Physicians for Human Rights in DRC

International Human Rights | Special Initiative

5 March 2019

Photo: © Physicians for Human Rights

Sometimes, success is measured by how firmly you hold the line.

In December 2017, survivors of sexual violence in the Democratic Republic of the Congo (DRC) witnessed a milestone in justice. In a landmark judgement, a mobile court convicted 11 men, including a sitting member of a provincial parliament, of crimes against humanity for raping dozens of young girls in the village of Kavumu, and sent them to prison for life. It was the first ruling of its kind in Congolese history.

Oak’s partner Physicians for Human Rights (PHR) was elated that the court held powerful men to account and that the survivors obtained justice. But as human rights defenders the world over know, successes seldom go unchallenged. It wasn’t long before this landmark victory was contested – the Kavumu verdict was appealed in July 2018.

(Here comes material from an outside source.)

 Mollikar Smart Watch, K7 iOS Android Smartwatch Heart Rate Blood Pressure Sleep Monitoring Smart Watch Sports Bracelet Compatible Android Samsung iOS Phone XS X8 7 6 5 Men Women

People in the human rights world fight every day to ensure that hard-won victories on behalf of victims and survivors are not reversed. Each day they fight to preserve these gains for health and human dignity, and they must be careful never to become complacent, even following unambiguous successes. A policy that protects the vulnerable against abuses of power could be adopted today, but summarily revoked tomorrow – sometimes openly, and sometimes in secrecy. Fighting for human rights can sometimes seem like an endless struggle, where even as one battle is won, another hard-won gain is eroded.

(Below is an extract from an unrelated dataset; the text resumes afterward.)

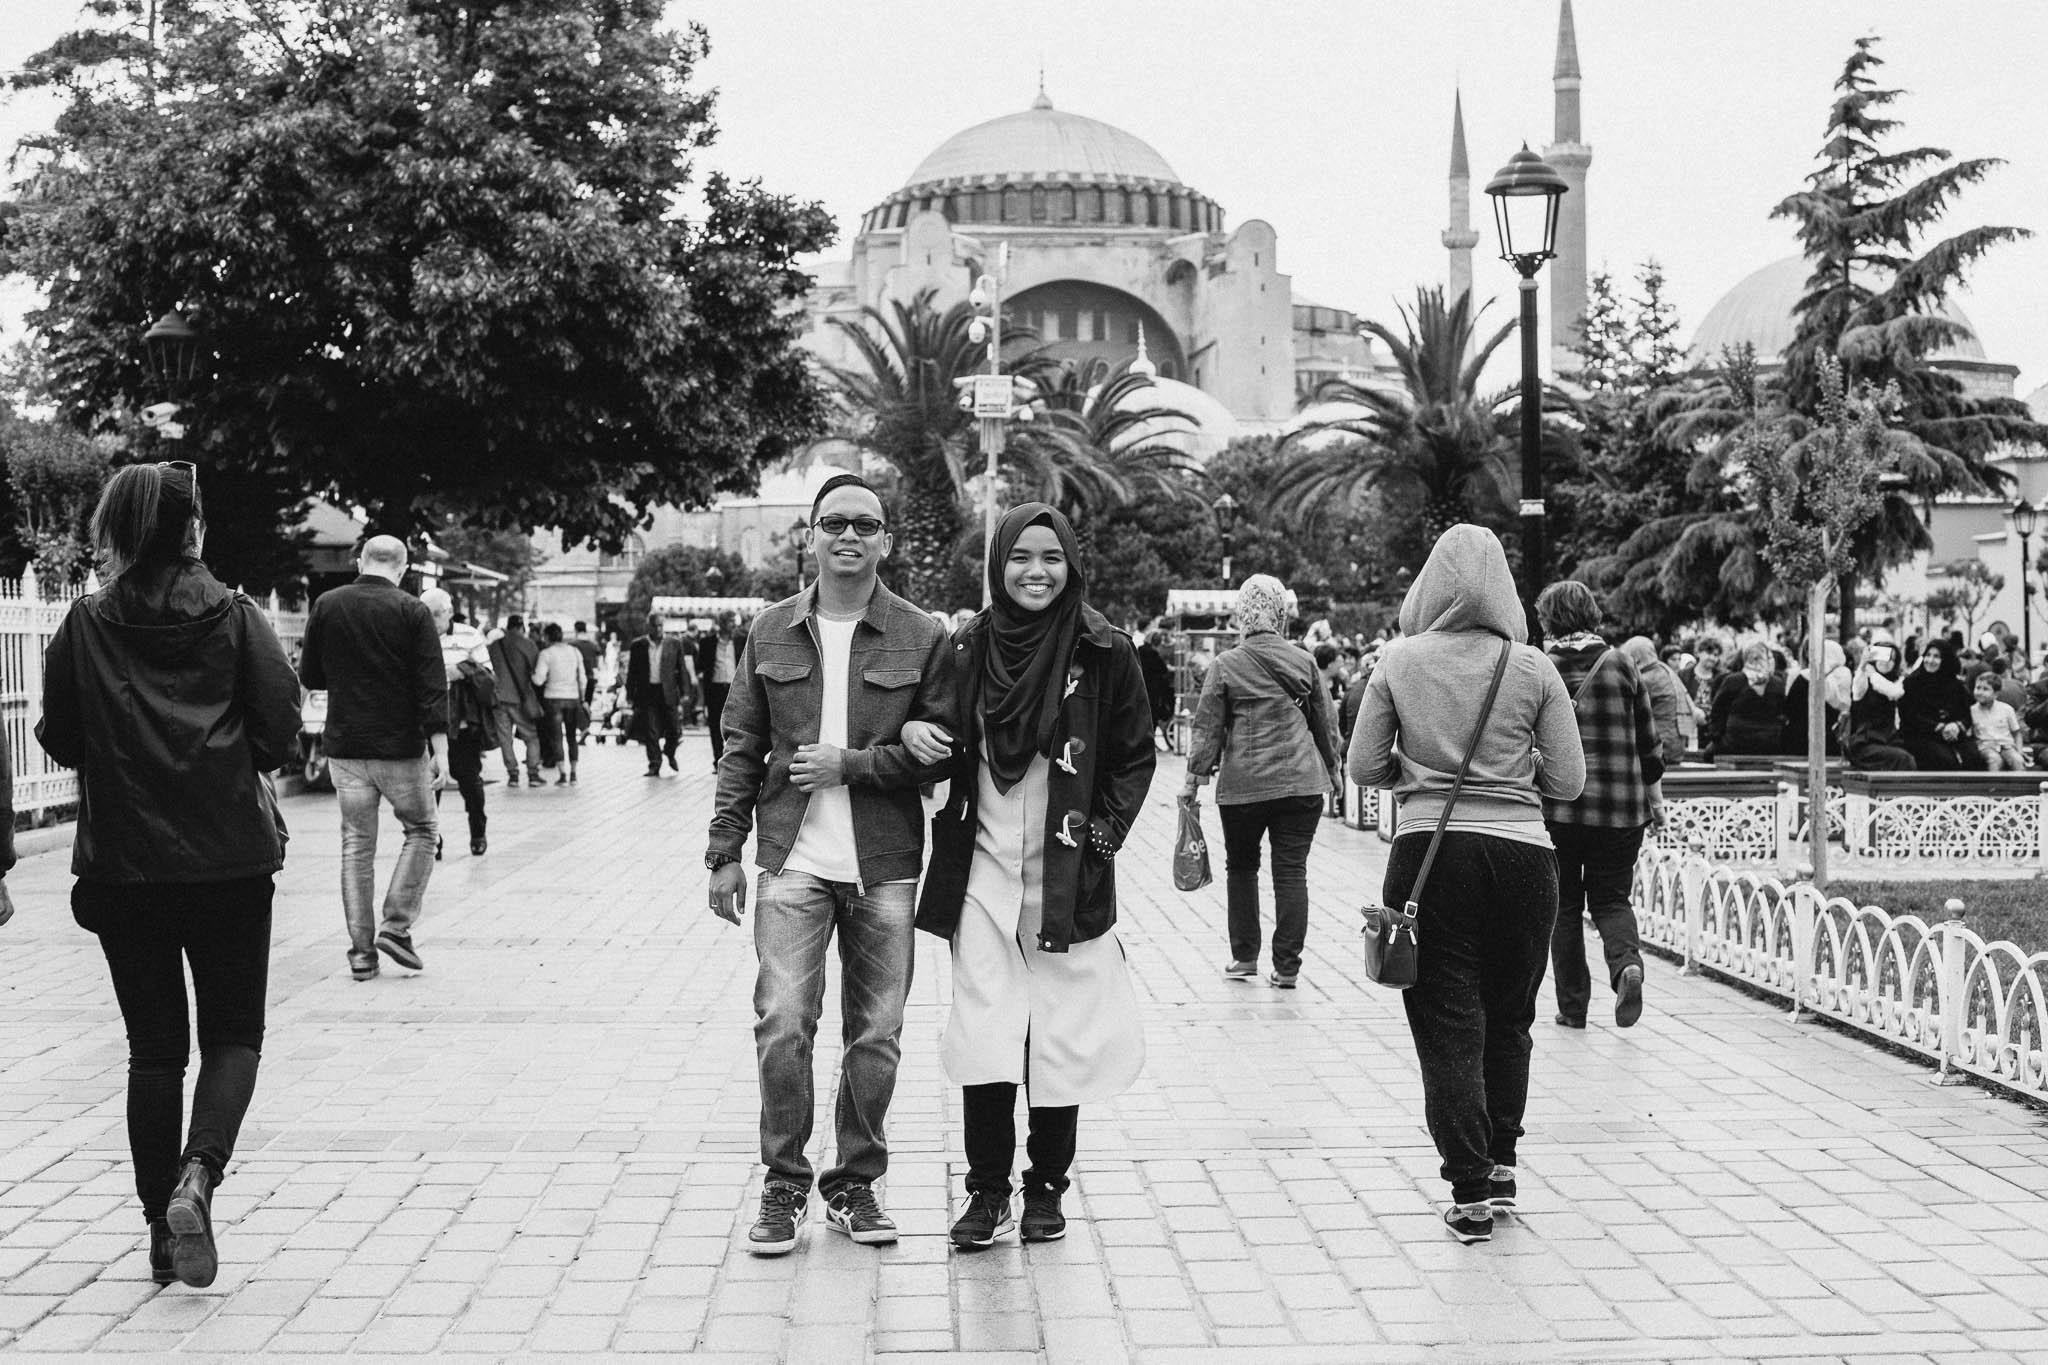 singapore-wedding-photographer-dzul-isma-istanbul-wmt-17.jpg

In July 2018, PHR exhaled and rejoiced as a DRC appeals court upheld the original Kavumu convictions against lawmaker Frederic Batumike and the militia members he directed. These men have been since imprisoned.

This victory provides inspiration to continue the fight and to ensure that whatever gains are made – whether by a vote, a policy, a resolution, or a ruling – are never reversed, but rather, built upon. They are a constant reminder to human rights activists never to be idle, but to anticipate rollbacks and be ready to fight back with the tools they’ve always used – evidence, facts, and survivors’ testimonies. Because, at the moment, preventing the reversal or rollback of rights is the only way to continue defending established human rights successes.